Subscribe to DSC Newsletter

Data Science and Machine Learning Without Mathematics

There is a set of techniques covering all aspects of machine learning (the statistical engine behind data science) that does not use any mathematics or statistical theory beyond high school level. So when you hear that some serious mathematical knowledge is required to become a data scientist, this should be taken with a grain of salt.

The reason maths is thought to be a requirement is because of the following reasons:

  • Standard tools such as logistic regression, decision trees or confidence intervals, are math-heavy
  • Most employers use standard tools
  • As a result, hiring managers are looking for candidates with a strong math background, mostly for historical reasons
  • Academic training for data scientists are math-heavy for historical reasons (using the professors that used to teach stat classes)

Because of this, you need to really be math savvy to get a "standard" job, so sticking to standard math-heavy training and standard tools work for people interested in becoming a data scientist. To make things more complicated, most of the courses advertised as "math-free" or "learn data science in three days" are selling you snake oil (it won't help you get a job, and many times the training material is laughable.) You can learn data science very quickly, even on your own if you are a self-learner with a strong background working with data and programming (maybe you have a physics background) but that is another story.
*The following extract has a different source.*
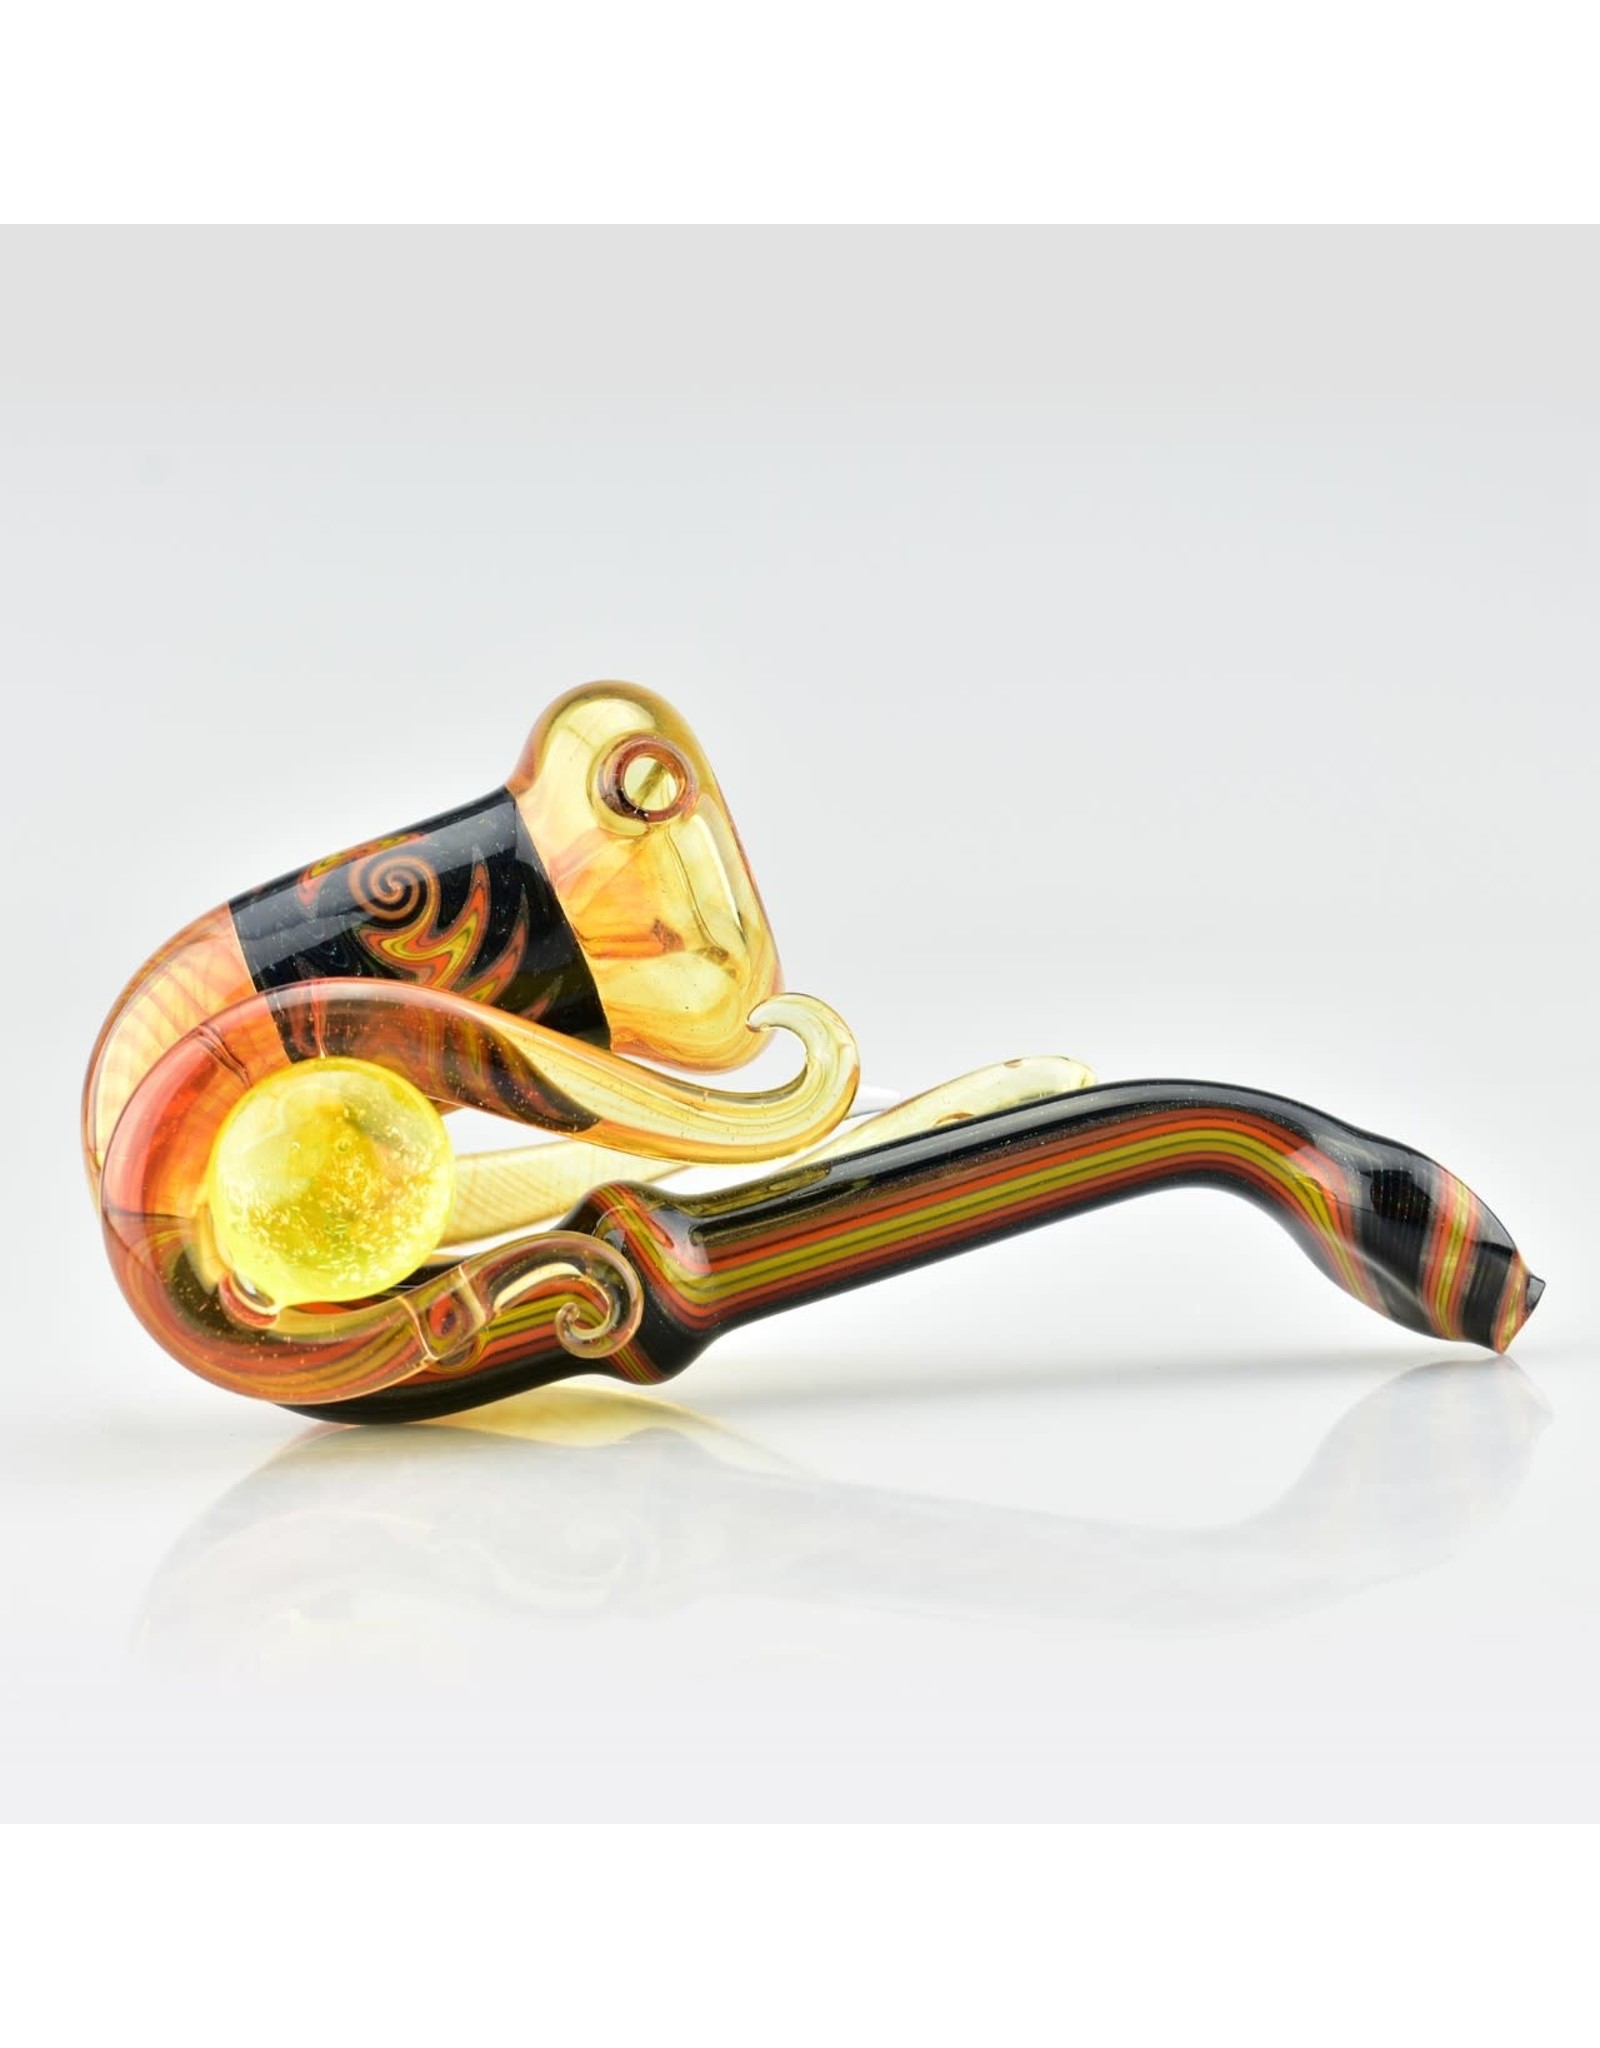 fire and black sherlock with yellow dicro marble and 3 horns

Yet there is a set of techniques, designed by a data scientist with a strong mathematical background and long list of publications in top statistical journals that does not use mathematics nor statistical modeling. These techniques work just as well and some of them have been proved to be equivalent to their math-heavy cousins, with the additional bonus of generally being more robust. They are easy to understand and lead to easy interpretations, yet it is not snake oil: it is actually based on years of experience processing large volumes of diverse data, mostly in automated mode.

If you create your own startup, develop your own data science consultancy, or work for an organization that does not care about the tools that you use -- as long as they are cheap, easy to implement, and reliable -- you might consider using these simple, scalable, math-free methods. For instance, if you develop algorithms for stock trading, you wouldn't want to use the same tools as your competitors. These math-free techniques can give you a competitive advantage. 
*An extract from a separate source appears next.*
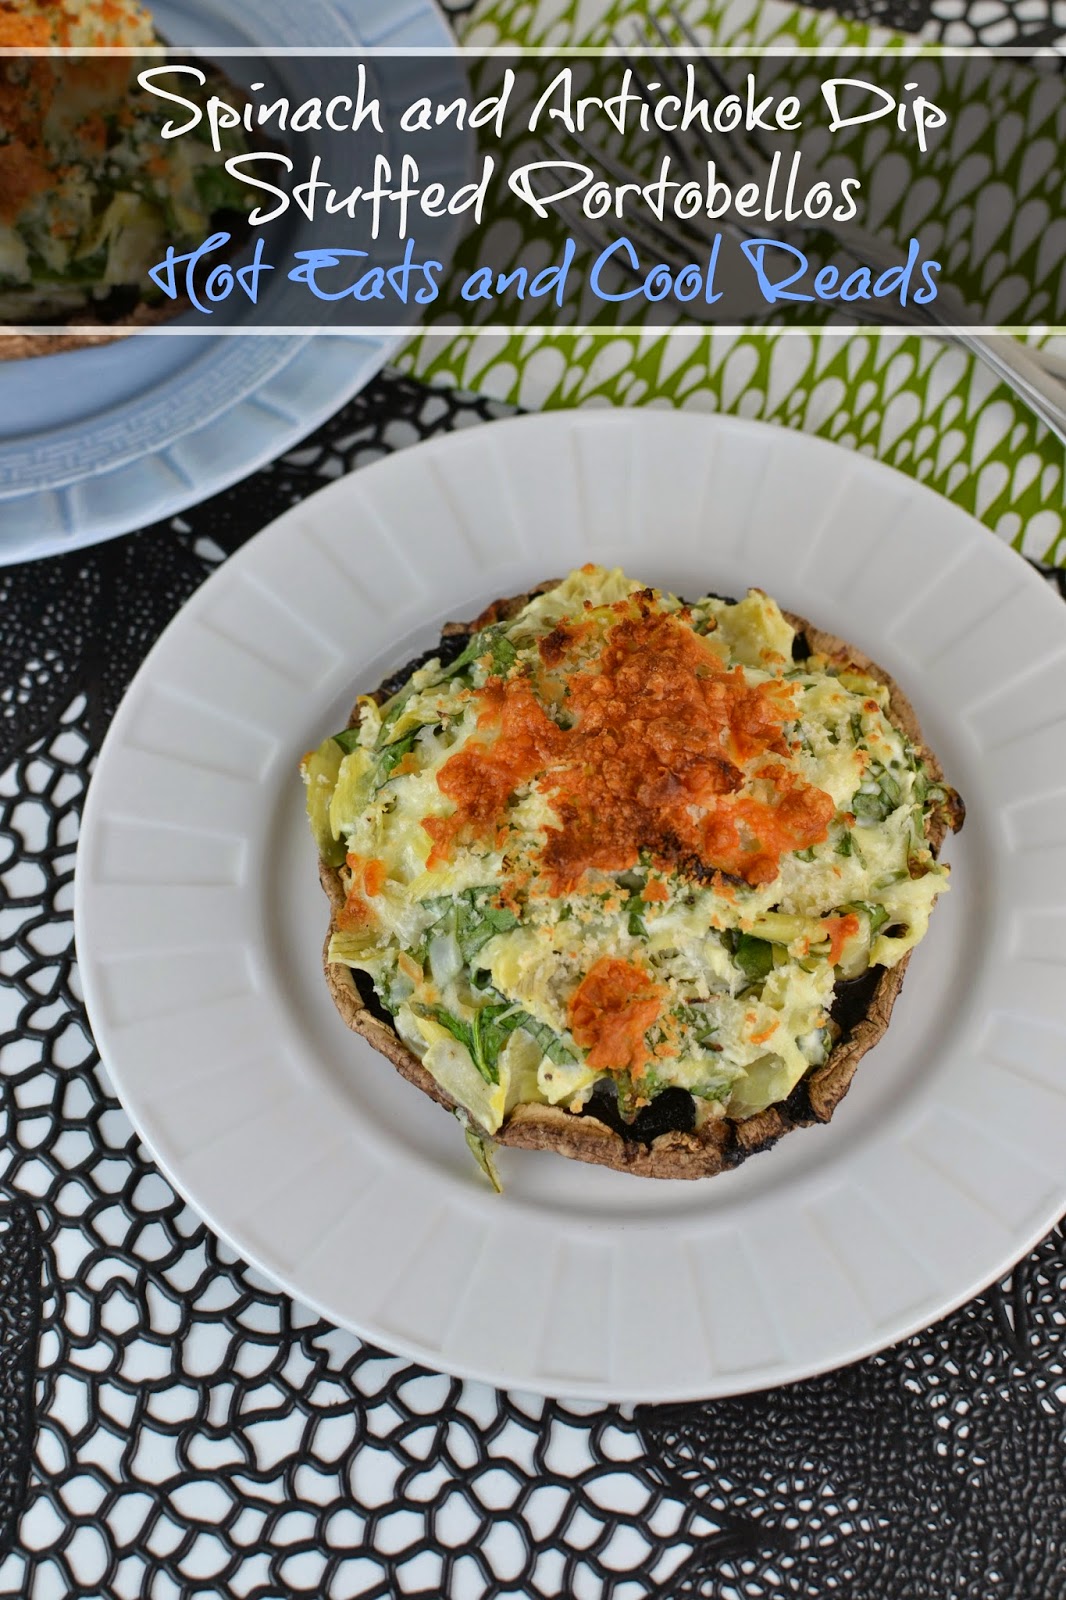 If you love Spinach and Artichoke Dip, then this recipe is for you! Perfect for dinner or an appetizer when using baby bellas! Spinach and Artichoke Dip Stuffed Portobellos from Hot Eats and Cool Reads!

Below, I describe several math-free techniques covering a good chunk of data science, and how they differ from their traditional math-heavy cousins. I use them pretty much every day, though most of the time, in some automated ways.
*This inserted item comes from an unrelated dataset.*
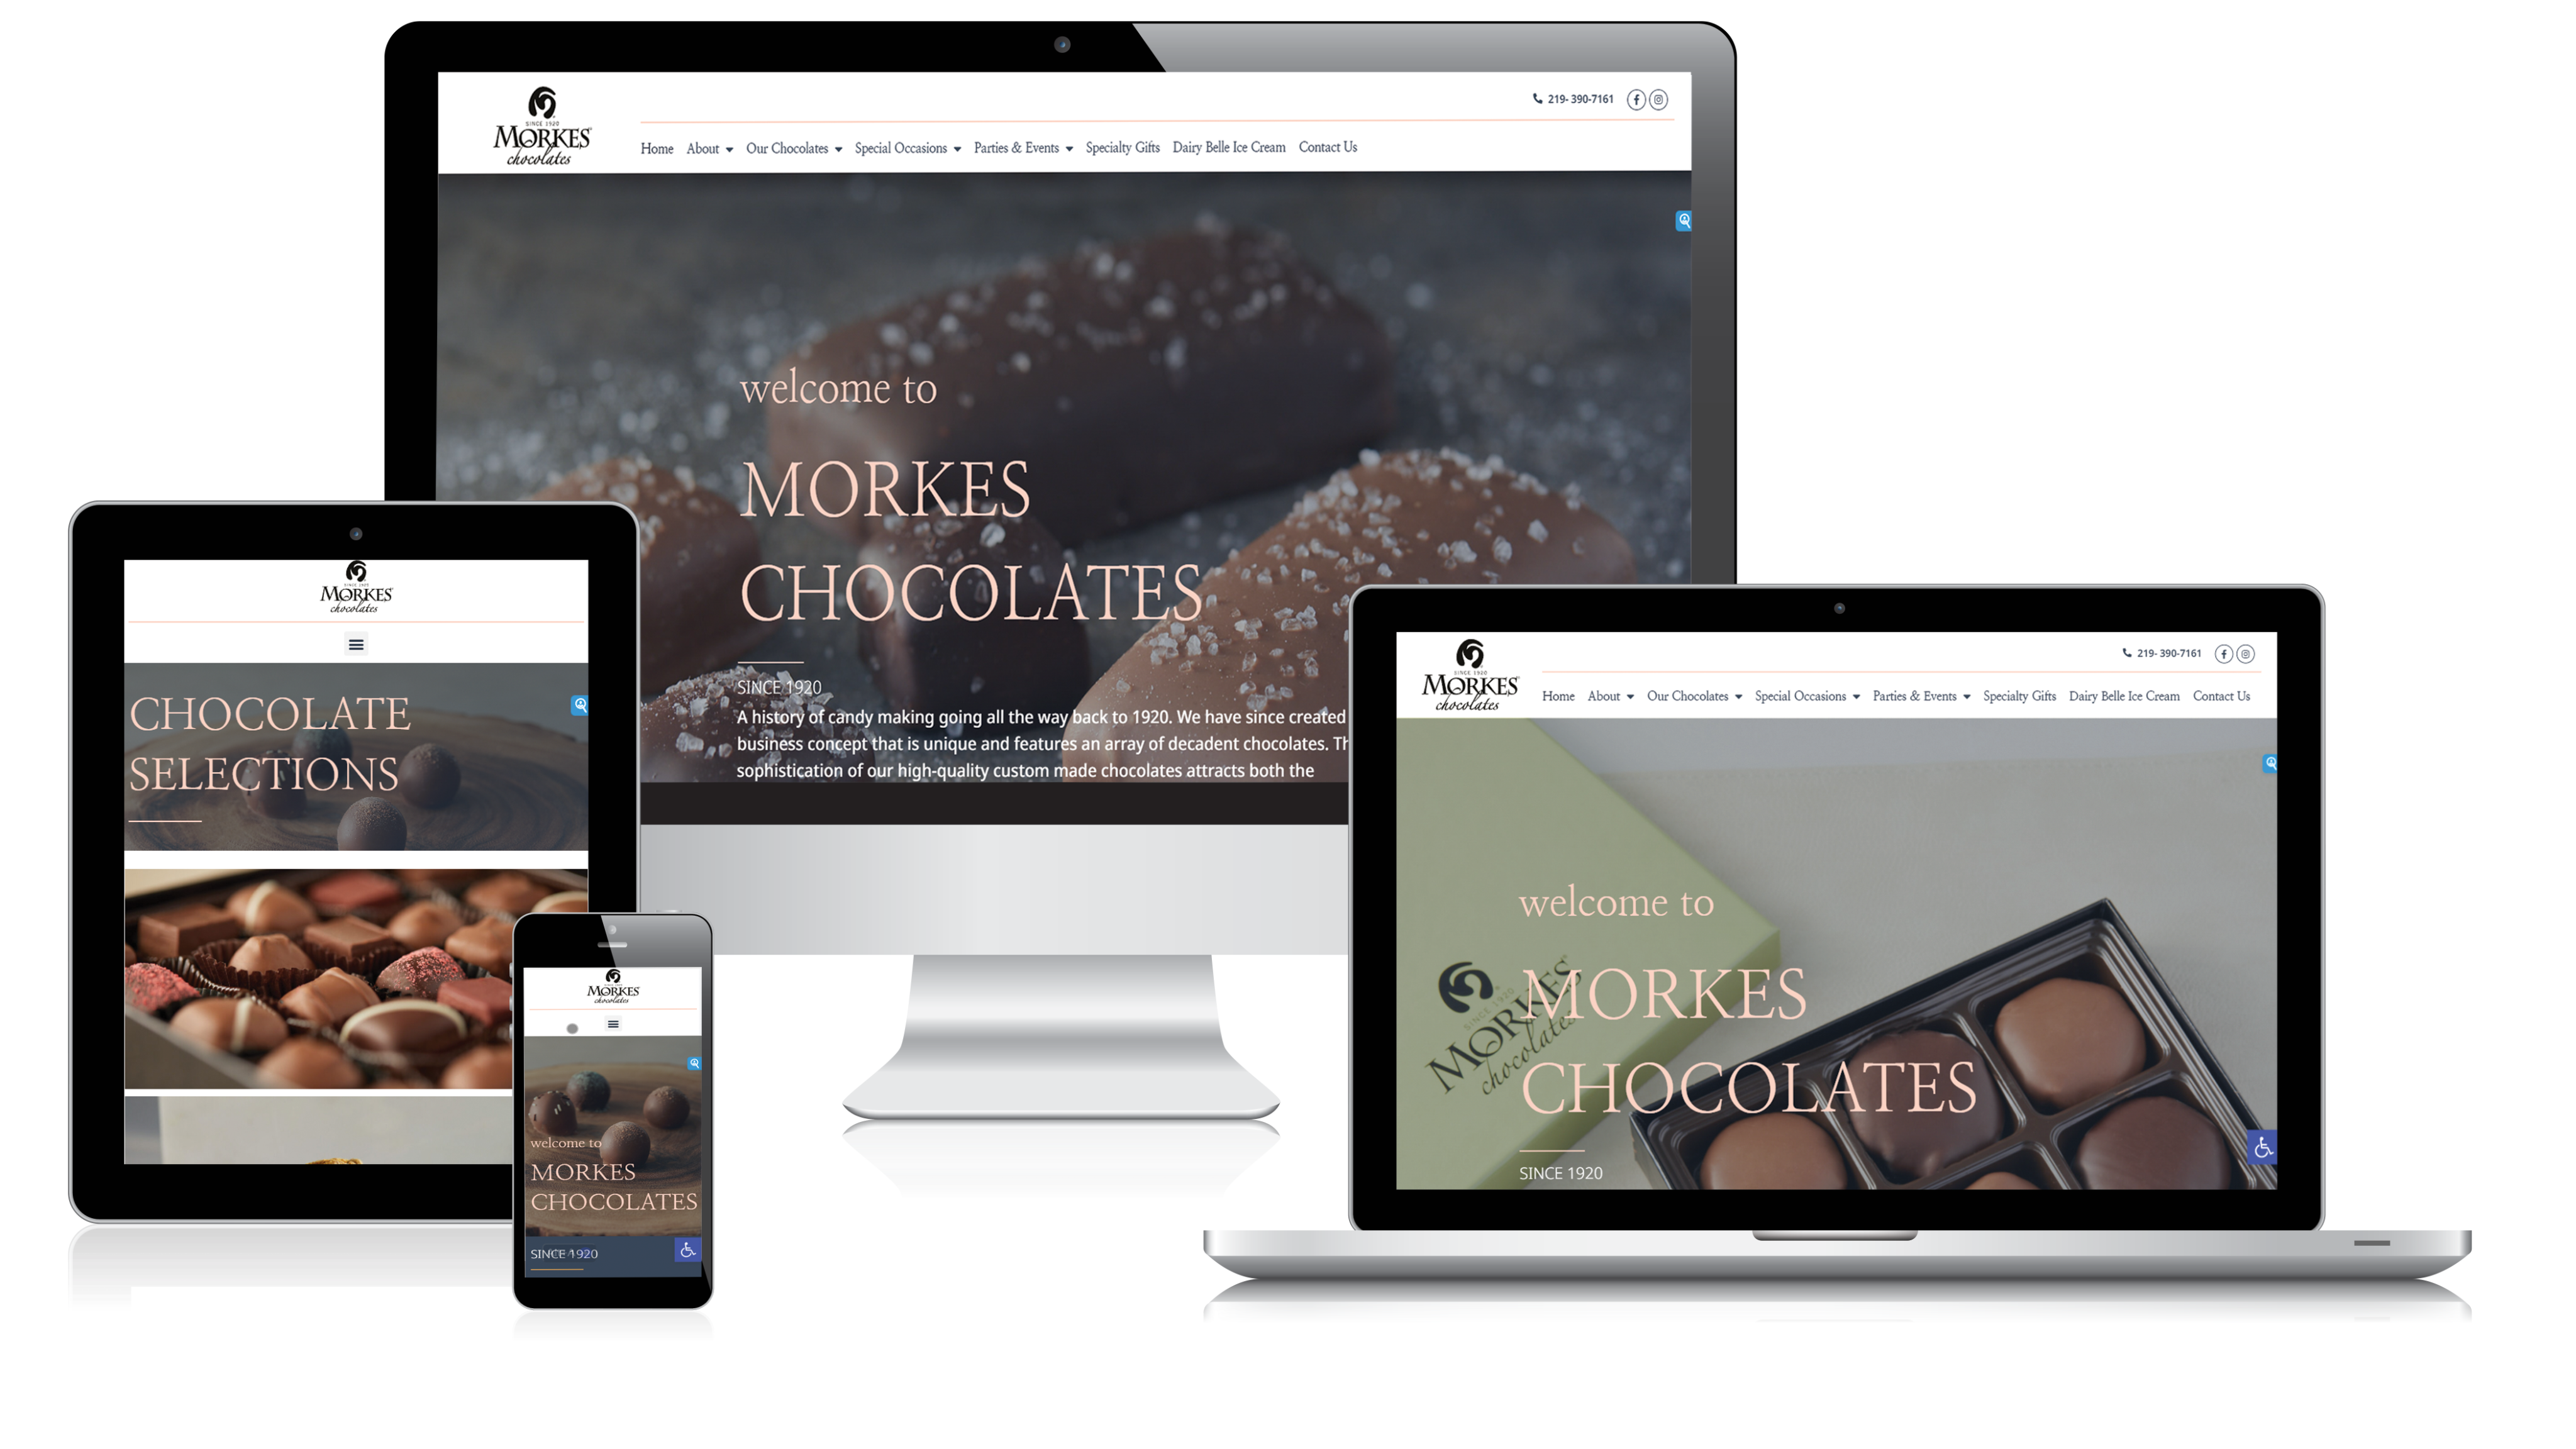 Image Morkes Chocolate Website With SEO In Mind

  • Advanced Machine Learning with Basic Excel -- This is a light implementation of the technique described below. It is so simple (yet efficient) that basic Excel implementations exist. Also available in Python, Perl, Julia, and R. And we are currently working on an SQL implementation.
  • State-of-the-Art Machine Learning Automation with HDT -- This is blending two traditional techniques: decision trees, and regression. However this implementation does not involve any node splitting nor any traditional regression model (the regression part is the math-free Jackknife regression described below.)  An earlier version of this was based on logistic regression, but after noticing that simple data transformations and using fewer parameters resulted in better performance (more robust,) logistic regression was replaced by Jackknife regression described below.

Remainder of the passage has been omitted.